◆ **WORK REQUIRED**: Return the listing below unchanged, except that the pictures are dropped.

◆ **PROVIDED DATA**:
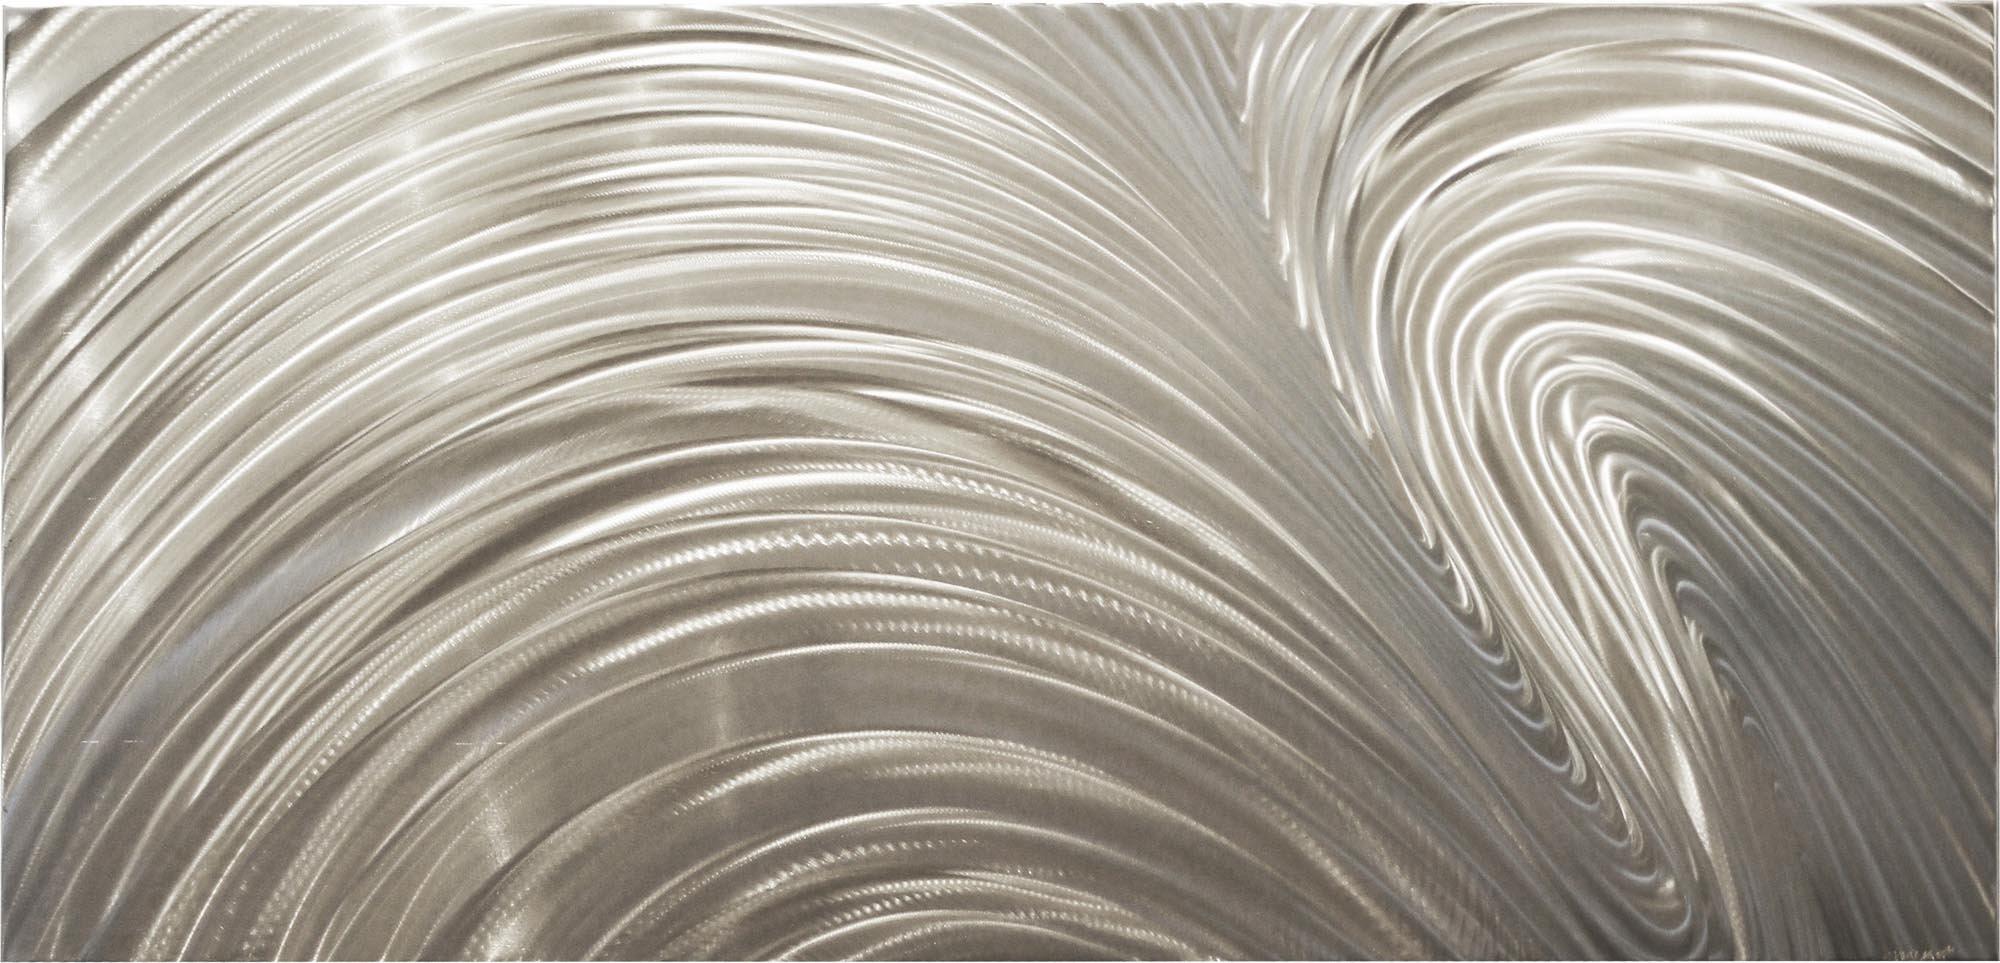 Fusion - Original Metal Art Abstract Metallic Painting Contemporary Wall Sculpture Modern Interior Design by Renowned Artist Nicholas Yust
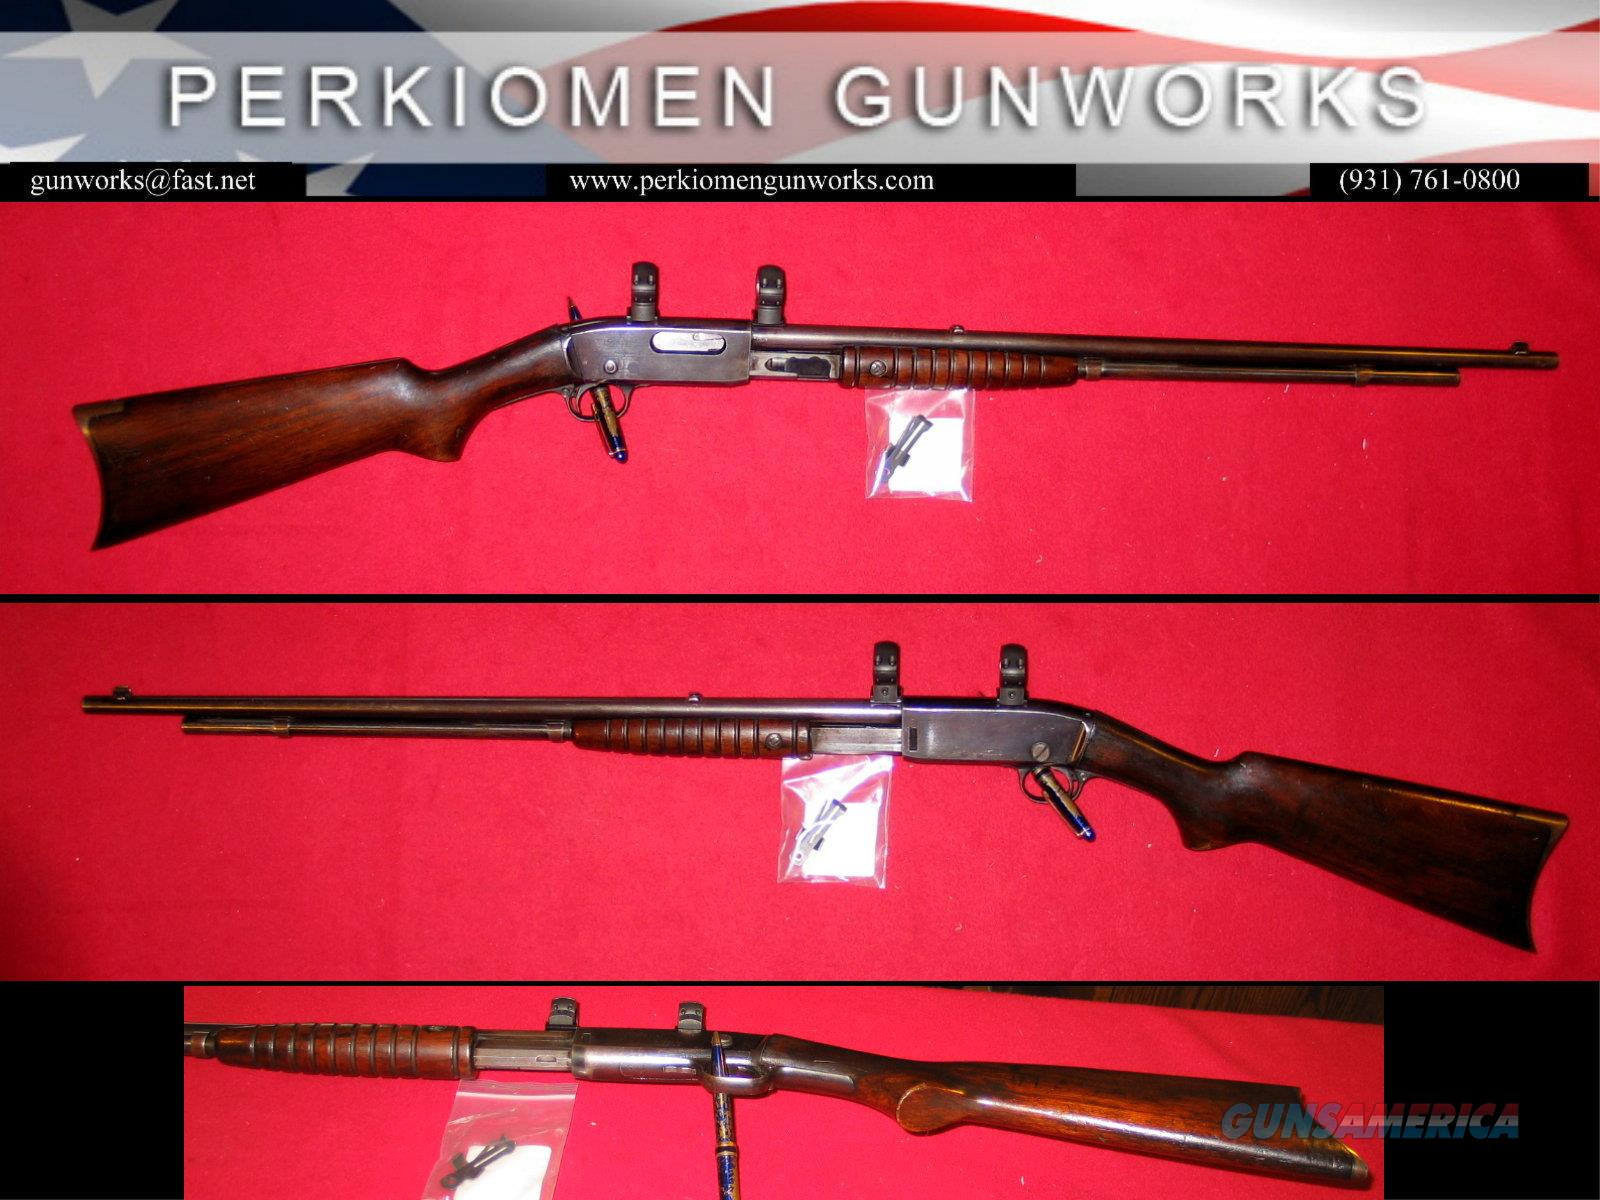 25 Pump Rifle in .25-20, 24 inch - SHOOTER  Guns > Rifles > Remington Rifles - Modern > Other
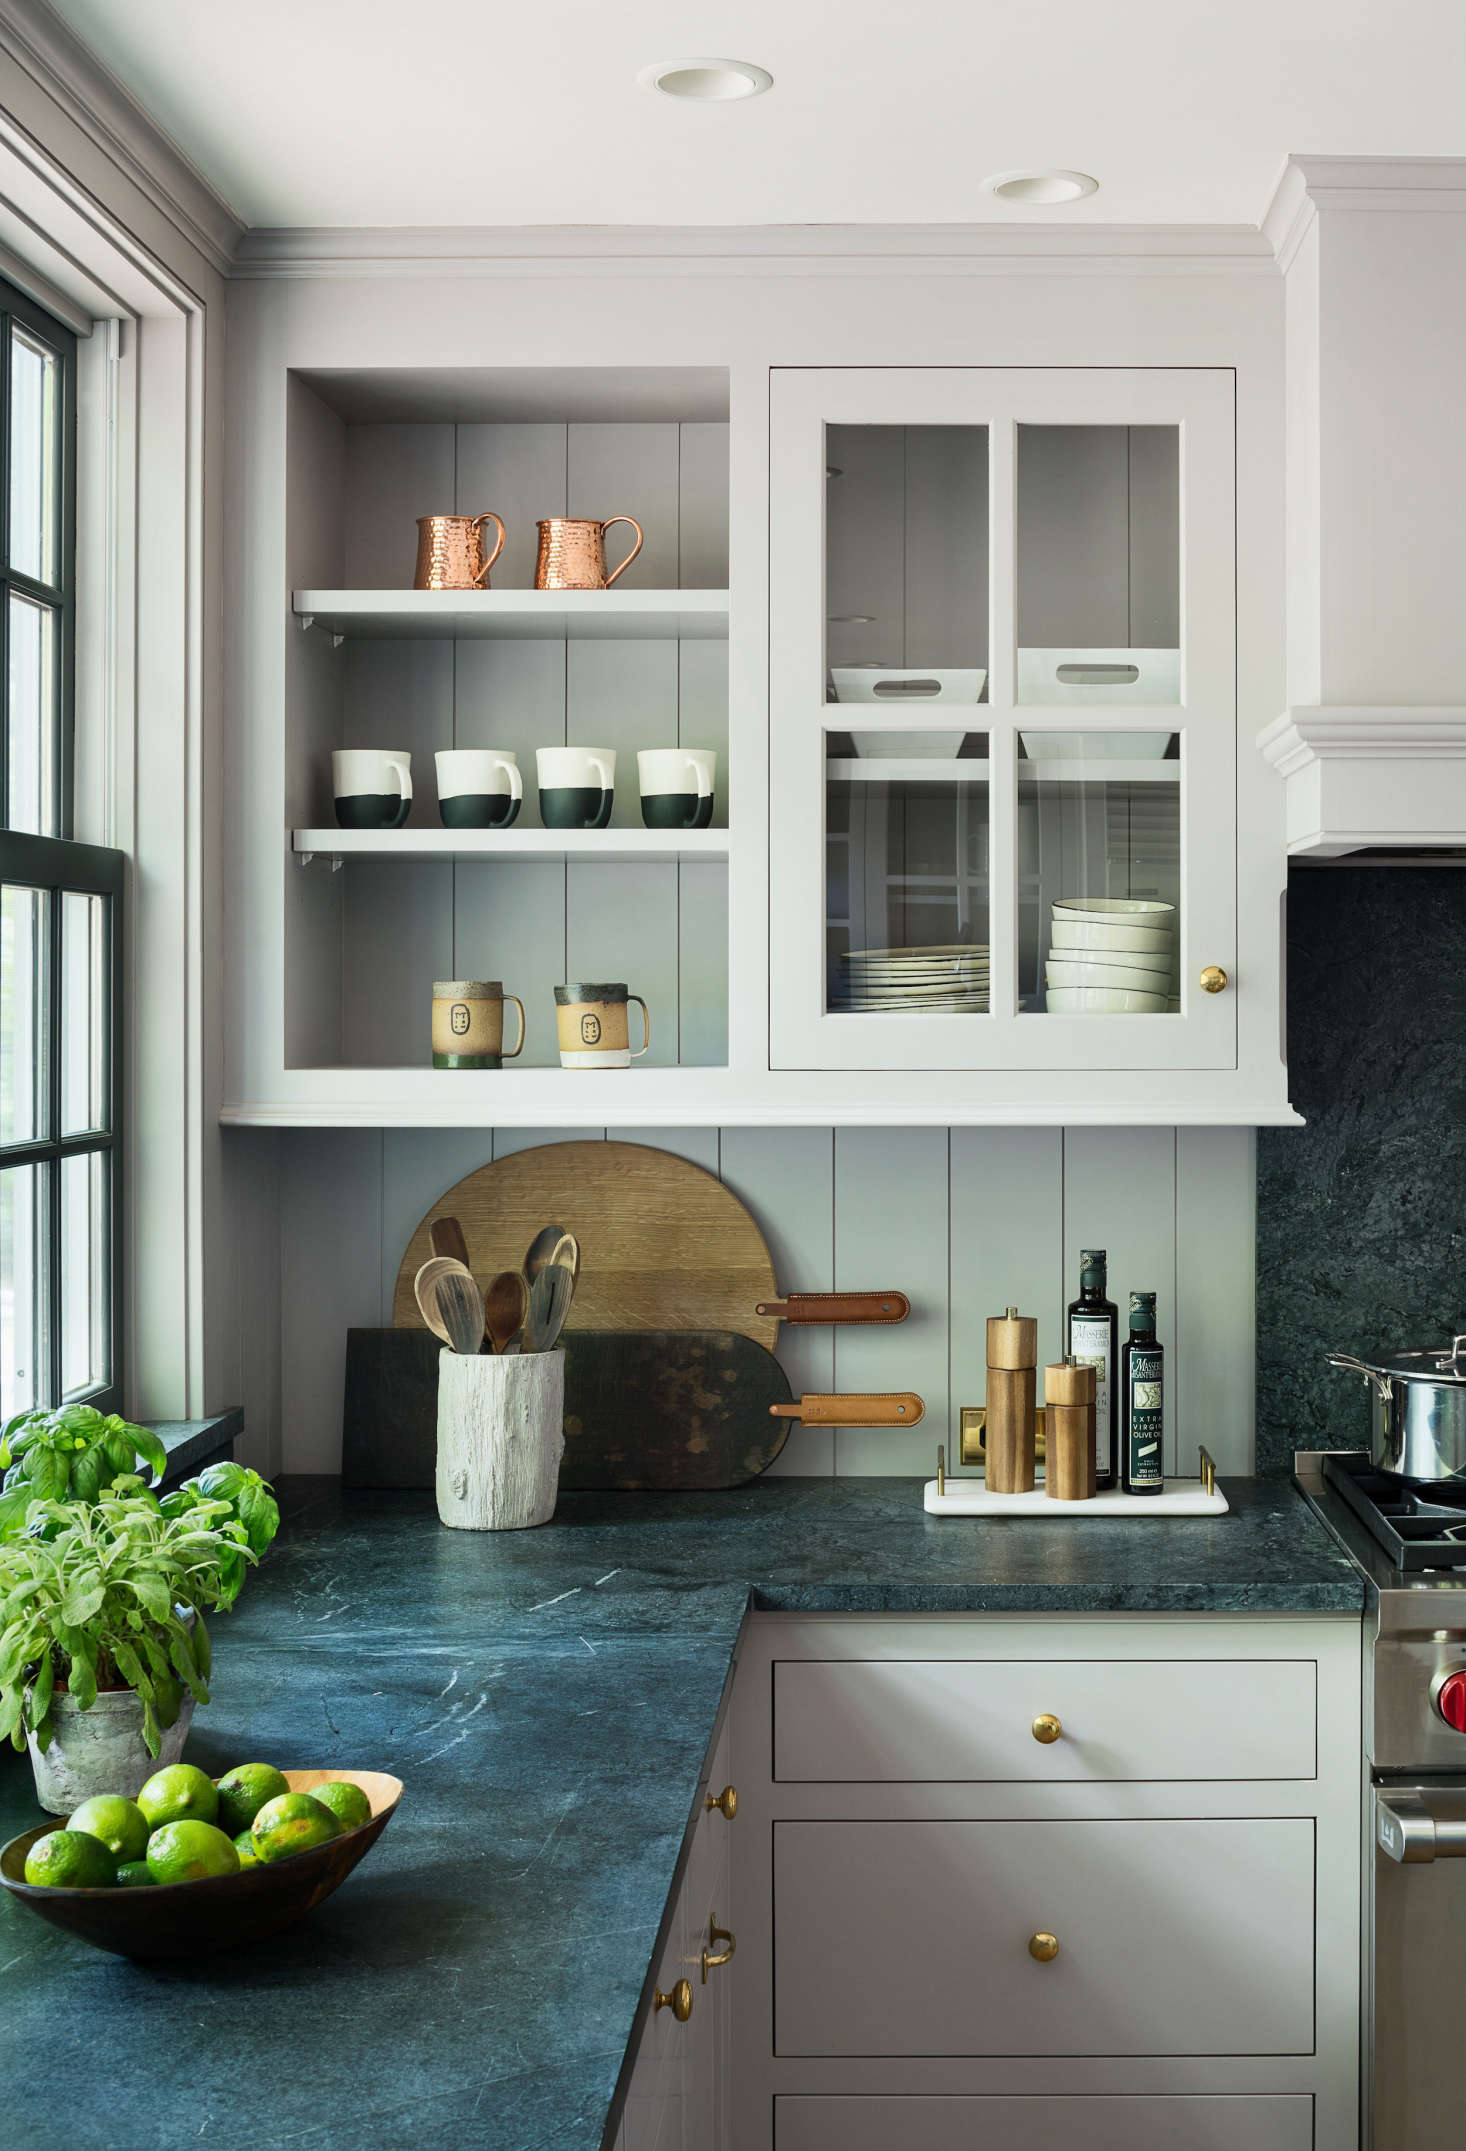 kitchen-in-modern-farmhouse-renovation-light-gray-cabinets

◆ **COMPLETED EXERCISE**:
 Fusion - Original Metal Art Abstract Metallic Painting Contemporary Wall Sculpture Modern Interior Design by Renowned Artist Nicholas Yust
 25 Pump Rifle in .25-20, 24 inch - SHOOTER  Guns > Rifles > Remington Rifles - Modern > Other
 kitchen-in-modern-farmhouse-renovation-light-gray-cabinets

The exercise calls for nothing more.